為了不丢失細節，去掉pooling，但是去掉pooling會導緻receptive field變小（這裡是相比較加pooling的情況），這裡就加入dialated處理，dialated即為filter windows内部的間隔，加入filter window本來３×３，看到９個點，這９個點是挨着的正方形９個點，當dialated＝２時，也是看到９個點，但是９個點之前是挨着的，現在變成每個點中間間隔了一個點，也就是視野變成了７×７。

dialated convolutions一般用于擴大receptive field。

什麼是NER?

Named entity recongnition: 命名實體識别，就是把一篇文章的專有名詞識别出來。對比圖像，圖像是把圖中物體識别出來，這裡是把一段話裡面的實體識别出來。

為什麼文本處理可以使用CNN?

從感受野的角度：處理文本就是要看上下文，filter windows就是１×N的視窗，N就是看到的字的數字，每個字的feature_dim就是filter windows　的channels。

整體架構

input data

即為标記的文本，具體而言：一個batch有四個次元，分割的原文，原文對應的int，标記的實體長度(0,1,2,3)，原文對應的标簽。

_, chars, segs, tags = batch

chars, segs, 訓練會用到，tags計算loss會用到。

embedding layer

chars, segs分别通過一個embedding layer然後将兩者的feature拼接起來(100+20)為最後的feature map。

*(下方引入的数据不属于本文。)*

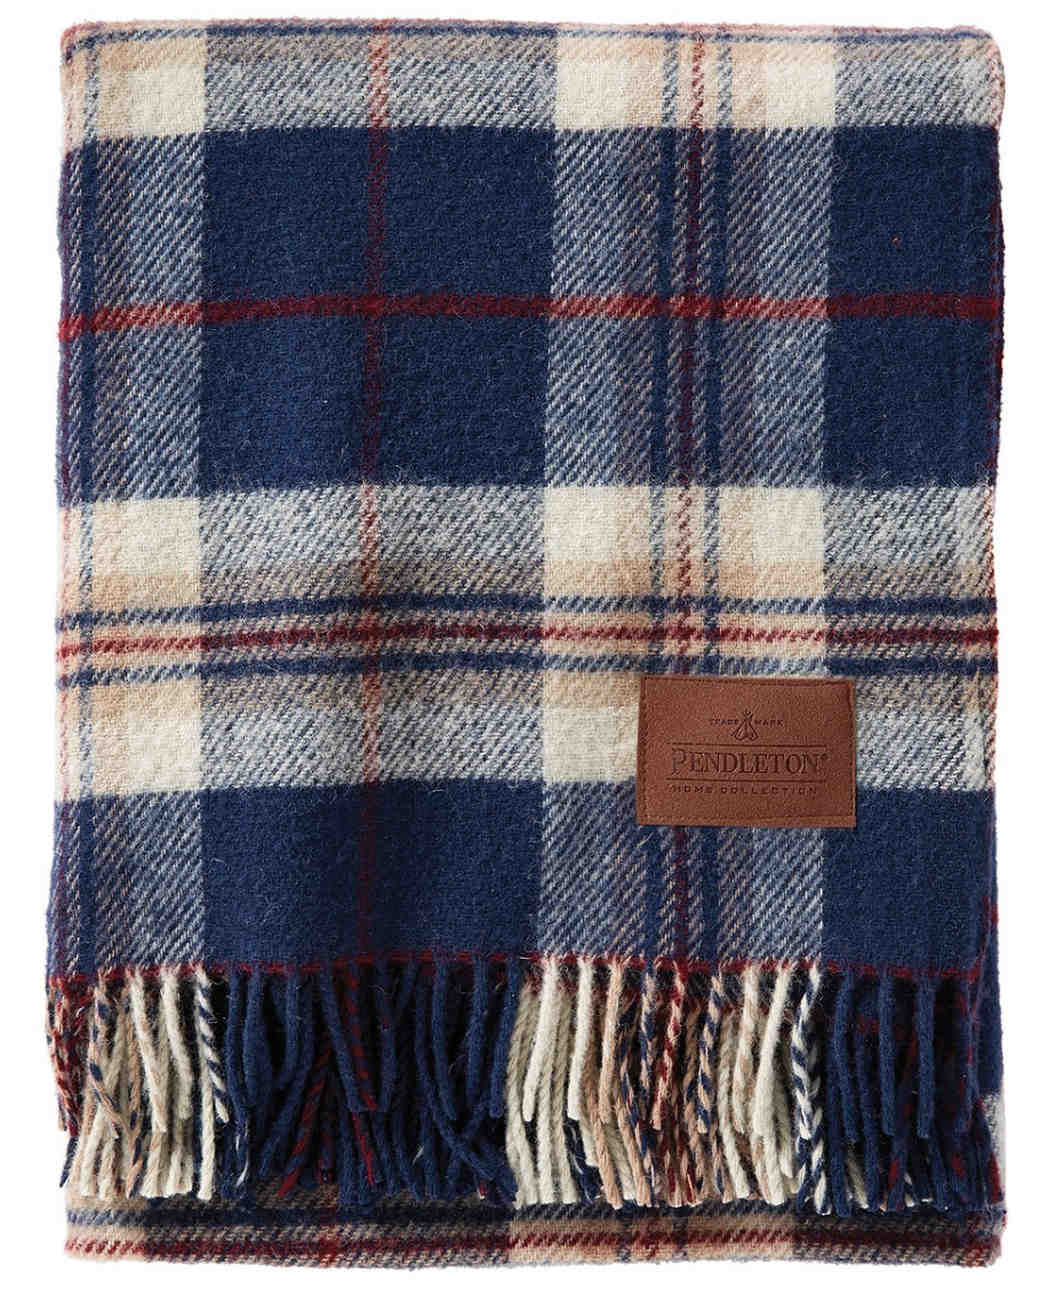 fathers-gift-guide-decor-pendleton-blanket-0515.jpg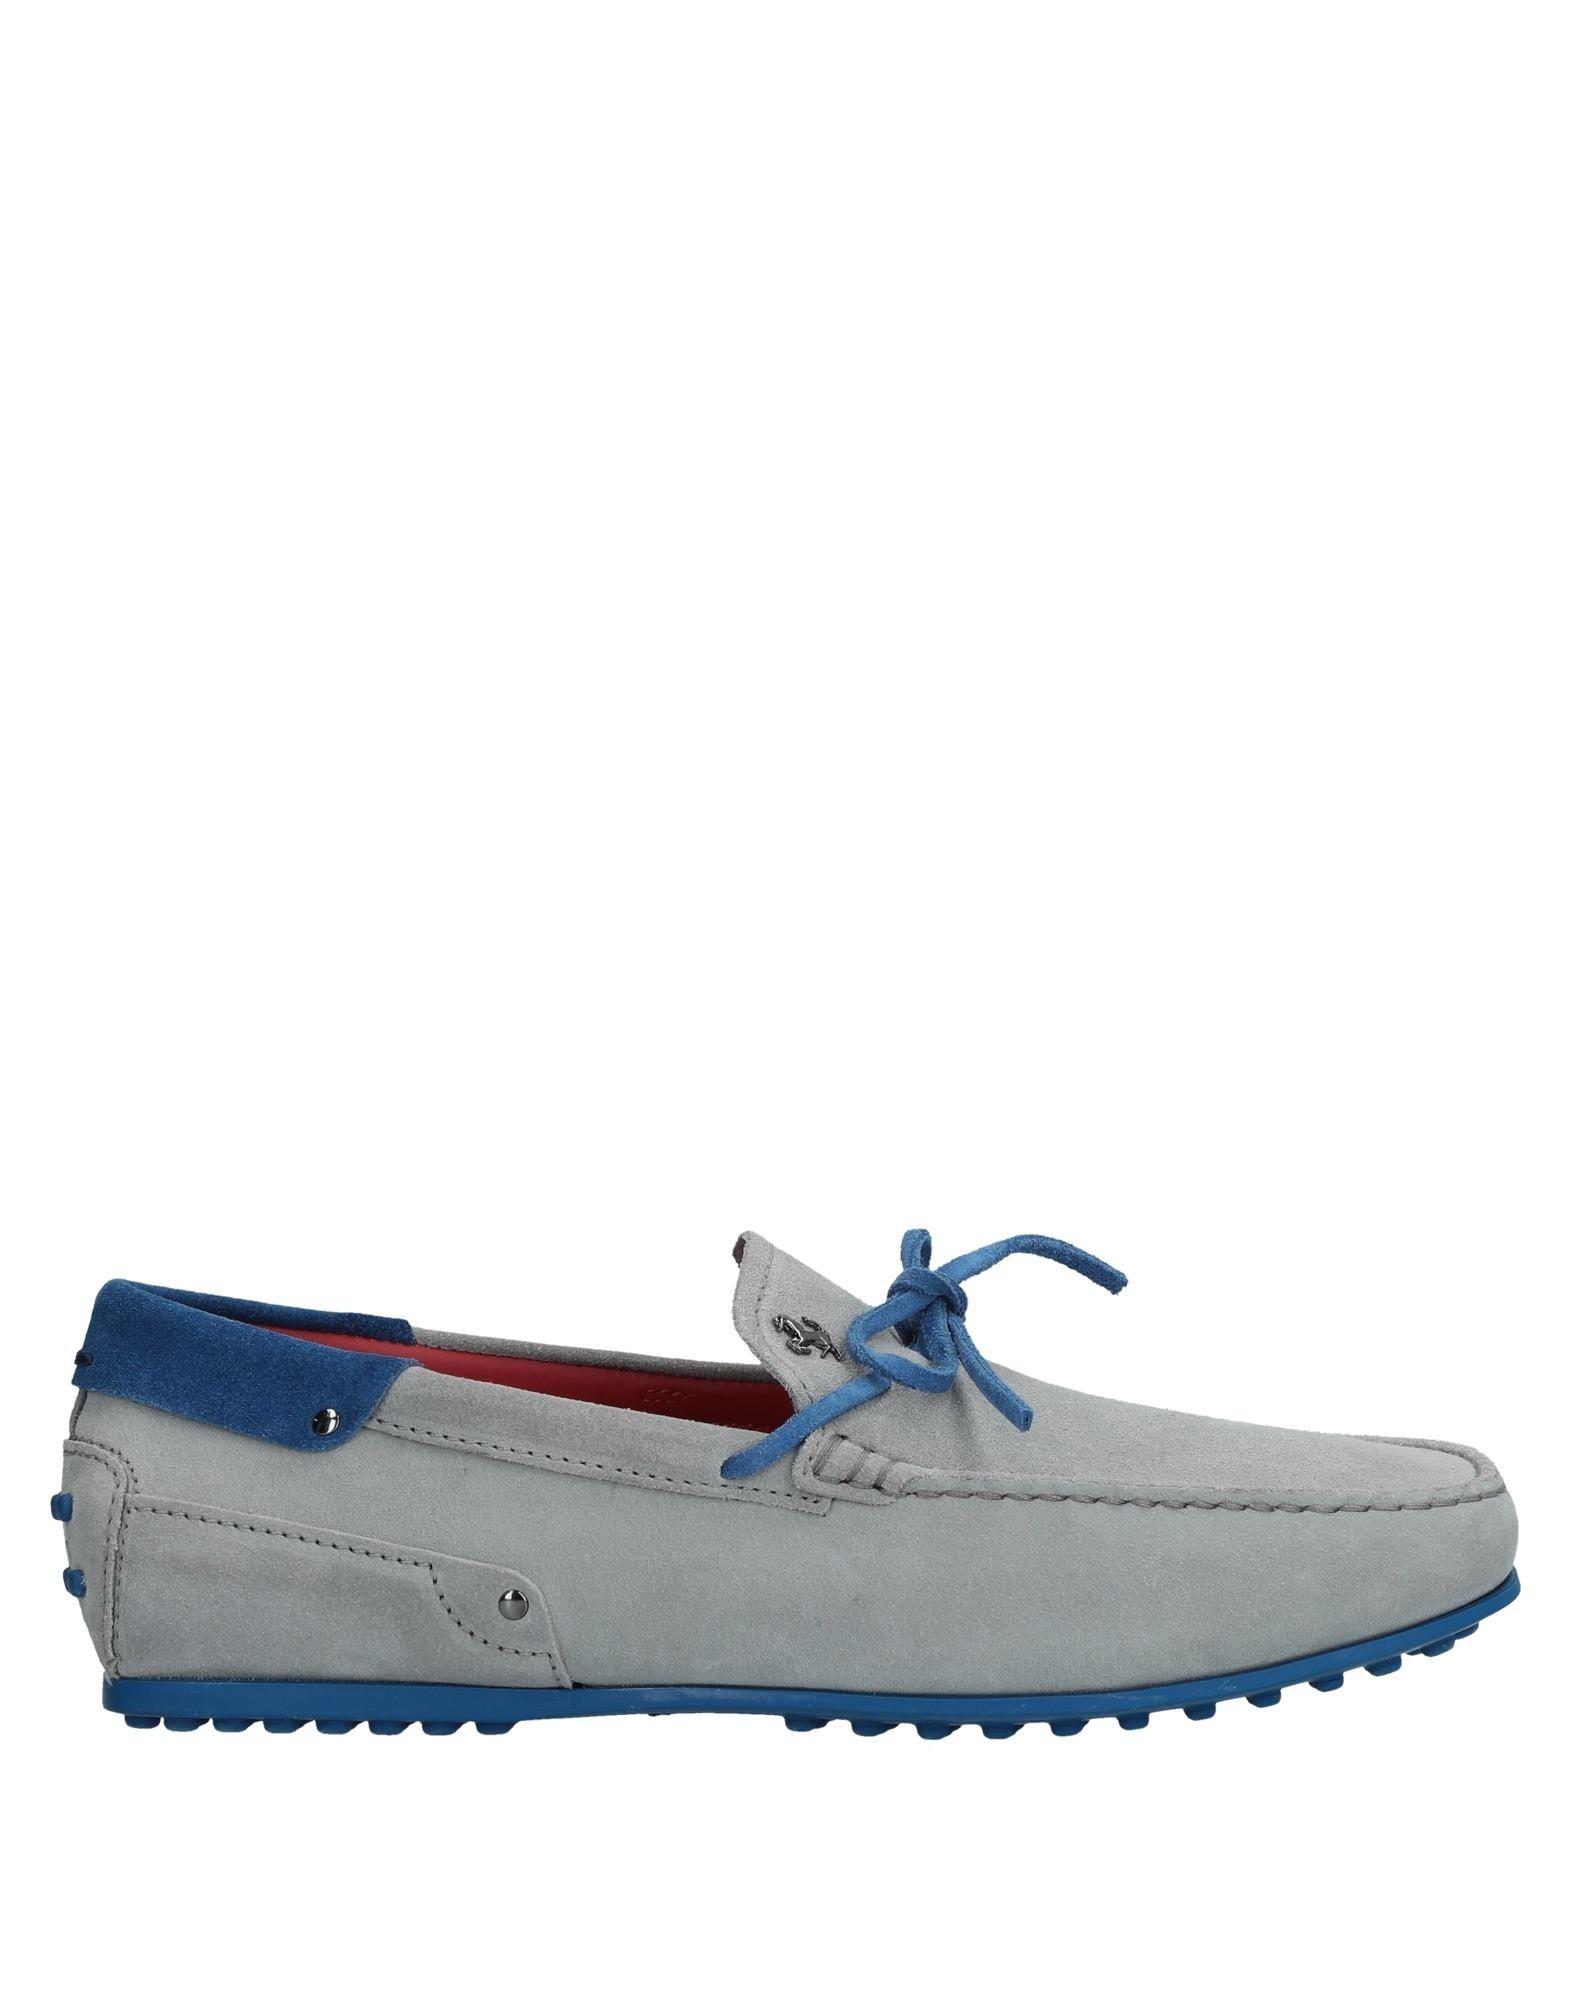 Tod's Mokassins Herren  11541668JB Gute Qualität beliebte Schuhe

def embedding_layer(self, char_inputs, seg_inputs, config, name=None):
        """
        :param char_inputs: one-hot encoding of sentence
        :param seg_inputs: segmentation feature
        :param config: wither use segmentation feature
        :return: [1, num_steps, embedding size], 
        """
        #高:3 血:22 糖:23 和:24 高:3 血:22 壓:25 char_inputs=[3,22,23,24,3,22,25]
        #高血糖 和 高血壓 seg_inputs 高血糖=[1,2,3] 和=[0] 高血壓=[1,2,3]  seg_inputs=[1,2,3,0,1,2,3]
        embedding = []
        self.char_inputs_test=char_inputs
        self.seg_inputs_test=seg_inputs
        with tf.variable_scope("char_embedding" if not name else name), tf.device('/cpu:0'):
            self.char_lookup = tf.get_variable(
                    name="char_embedding",
                    shape=[self.num_chars, self.char_dim],
                    initializer=self.initializer)
            #輸入char_inputs='常' 對應的字典的索引/編号/value為：8
            #self.char_lookup=[2677*100]的向量，char_inputs字對應在字典的索引/編号/key=[1]
            embedding.append(tf.nn.embedding_lookup(self.char_lookup, char_inputs))
            #self.embedding1.append(tf.nn.embedding_lookup(self.char_lookup, char_inputs))
            if config["seg_dim"]:
                with tf.variable_scope("seg_embedding"), tf.device('/cpu:0'):
                    self.seg_lookup = tf.get_variable(
                        name="seg_embedding",
                        #shape=[4*20]
                        shape=[self.num_segs, self.seg_dim],
                        initializer=self.initializer)
                    embedding.append(tf.nn.embedding_lookup(self.seg_lookup, seg_inputs))
            embed = tf.concat(embedding, axis=-1)
        self.embed_test=embed
        self.embedding_test=embedding
        return embed

dialated convolution layer or Bilstm

Bilstm

def biLSTM_layer(self, model_inputs, lstm_dim, lengths, name=None):
        """
        :param lstm_inputs: [batch_size, num_steps, emb_size]
        :return: [batch_size, num_steps, 2*lstm_dim]
        """
        with tf.variable_scope("char_BiLSTM" if not name else name):
            lstm_cell = {}
            for direction in ["forward", "backward"]:
                with tf.variable_scope(direction):
                    lstm_cell[direction] = tf.contrib.rnn.CoupledInputForgetGateLSTMCell(
                        lstm_dim,
                        use_peepholes=True,
                        initializer=self.initializer,
                        state_is_tuple=True)
            outputs, final_states = tf.nn.bidirectional_dynamic_rnn(
                lstm_cell["forward"],
                lstm_cell["backward"],
                model_inputs,
                dtype=tf.float32,
                sequence_length=lengths)
        return tf.concat(outputs, axis=2)

dilated convolution layer

輸入的形狀：[第x段話，1,視窗看多少個word,每個字的feature_dim]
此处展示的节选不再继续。